Project 1: Command-Line Task Manager
A simple but complete CLI application demonstrating core concepts.
Requirements
- Add, list, complete, and delete tasks
- Persist tasks to file
- Use modern C++ features
Implementation
task_manager.cpp:
#include <iostream>
#include <fstream>
#include <vector>
#include <string>
#include <algorithm>
#include <optional>
#include <sstream>
struct Task {
int id;
std::string description;
bool completed;
std::string serialize() const {
return std::to_string(id) + "|" +
description + "|" +
(completed ? "1" : "0");
}
static std::optional<Task> deserialize(const std::string& line) {
std::istringstream ss(line);
std::string token;
Task task;
if (!std::getline(ss, token, '|')) return std::nullopt;
task.id = std::stoi(token);
if (!std::getline(ss, task.description, '|')) return std::nullopt;
if (!std::getline(ss, token, '|')) return std::nullopt;
task.completed = (token == "1");
return task;
}
};
class TaskManager {
public:
explicit TaskManager(std::string filename)
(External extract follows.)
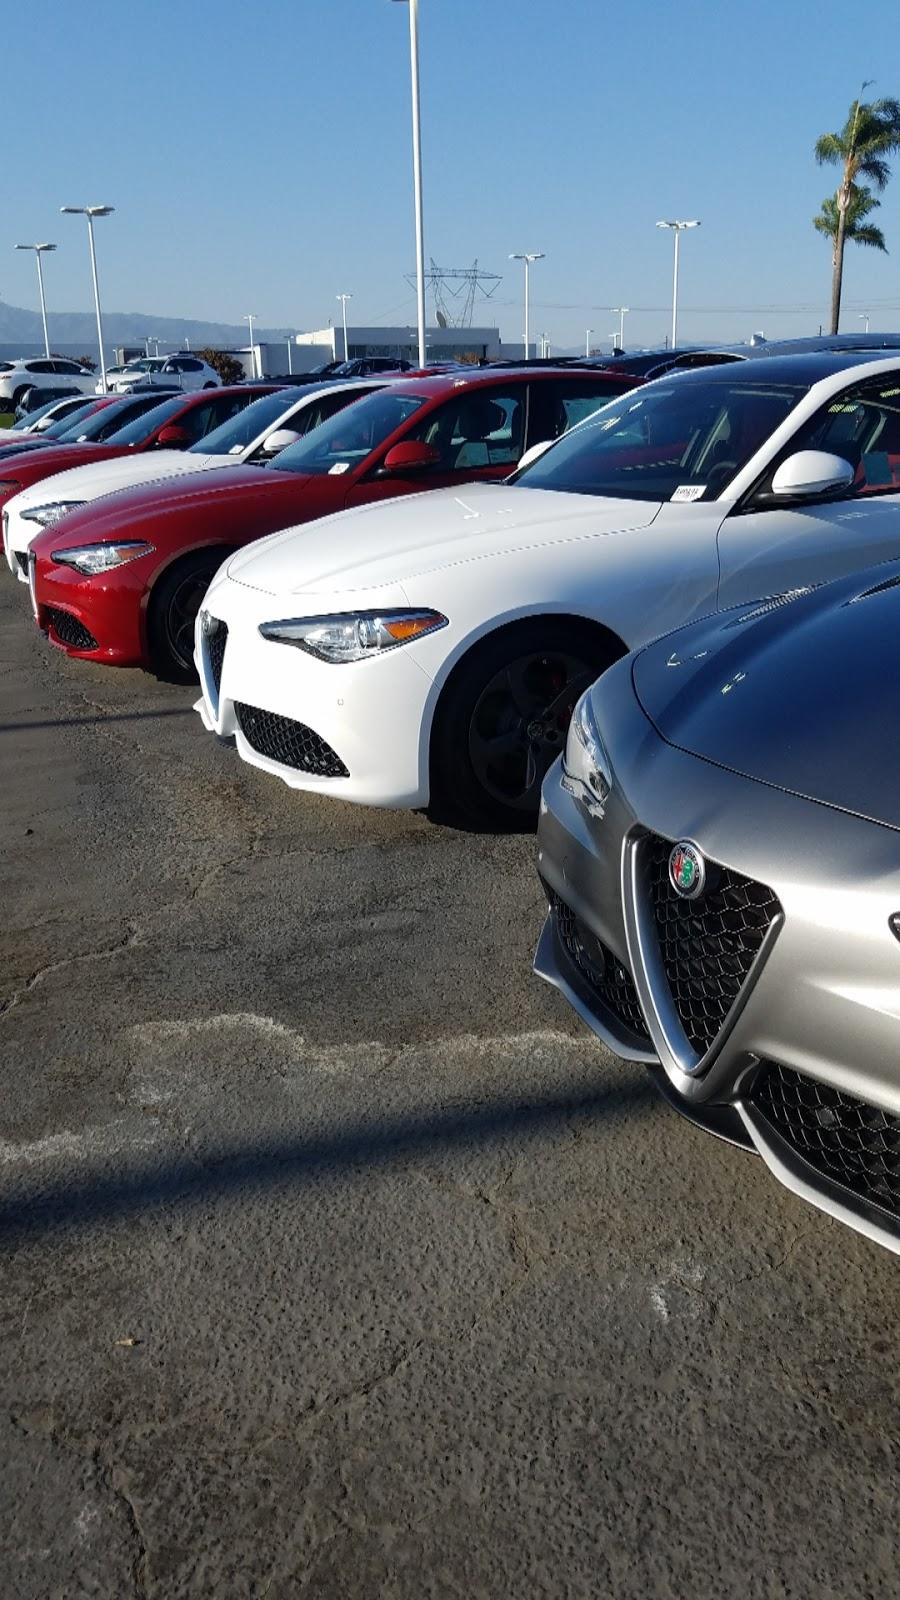 Alfa Romeo of Ontario - car dealer  | Photo 10 of 10 | Address: 1201 Auto Center Dr, Ontario, CA 91761, USA | Phone: (909) 321-3976

: filename_(std::move(filename)) {
load();
}
~TaskManager() {
save();
}
void add(const std::string& description) {
int newId = tasks_.empty() ? 1 : tasks_.back().id + 1;
tasks_.push_back({newId, description, false});
std::cout << "Added task #" << newId << "\n";
}
void list() const {
if (tasks_.empty()) {
std::cout << "No tasks.\n";
return;
}
for (const auto& task : tasks_) {
std::cout << "[" << (task.completed ? "x" : " ") << "] "
<< "#" << task.id << ": "
<< task.description << "\n";
}
}
void complete(int id) {
if (auto* task = findTask(id)) {
task->completed = true;
std::cout << "Completed task #" << id << "\n";
} else {
std::cout << "Task not found.\n";
}
}
void remove(int id) {
auto it = std::find_if(tasks_.begin(), tasks_.end(),
[id](const Task& t) { return t.id == id; });
if (it != tasks_.end()) {
tasks_.erase(it);
std::cout << "Removed task #" << id << "\n";
} else {
std::cout << "Task not found.\n";
}
}
private:
std::vector<Task> tasks_;
std::string filename_;
Task* findTask(int id) {
auto it = std::find_if(tasks_.begin(), tasks_.end(),
[id](const Task& t) { return t.id == id; });
return it != tasks_.end() ? &*it : nullptr;
}
void load() {
std::ifstream file(filename_);
std::string line;
while (std::getline(file, line)) {
if (auto task = Task::deserialize(line)) {
tasks_.push_back(*task);
}
}
}
void save() {
std::ofstream file(filename_);
for (const auto& task : tasks_) {
file << task.serialize() << "\n";
}
}
};
void printUsage() {
std::cout << "Usage:\n"
<< " tasks add <description>\n"
<< " tasks list\n"
<< " tasks done <id>\n"
<< " tasks remove <id>\n";
}
int main(int argc, char* argv[]) {
if (argc < 2) {
printUsage();
return 1;
}
TaskManager manager("tasks.txt");
std::string command = argv[1];
if (command == "add" && argc >= 3) {
std::string desc;
for (int i = 2; i < argc; ++i) {
if (i > 2) desc += " ";
desc += argv[i];
}
manager.add(desc);
} else if (command == "list") {
manager.list();
} else if (command == "done" && argc >= 3) {
manager.complete(std::stoi(argv[2]));
} else if (command == "remove" && argc >= 3) {
manager.remove(std::stoi(argv[2]));
} else {
printUsage();
return 1;
}
return 0;
}
Skills Practiced
- File I/O
- Command-line argument parsing
- STL containers and algorithms
- RAII (TaskManager saves on destruction)
- std::optional
Project 2: Generic Container Library
Build your own simplified versions of STL containers.
Requirements
- Implement Vector<T> with dynamic resizing
- Implement a simple HashMap<K, V>
- Follow RAII principles
Vector Implementation
#include <algorithm>
#include <memory>
#include <stdexcept>
#include <initializer_list>
template<typename T>
class Vector {
public:
using value_type = T;
using iterator = T*;
using const_iterator = const T*;
Vector() : data_(nullptr), size_(0), capacity_(0) {}
explicit Vector(size_t count, const T& value = T())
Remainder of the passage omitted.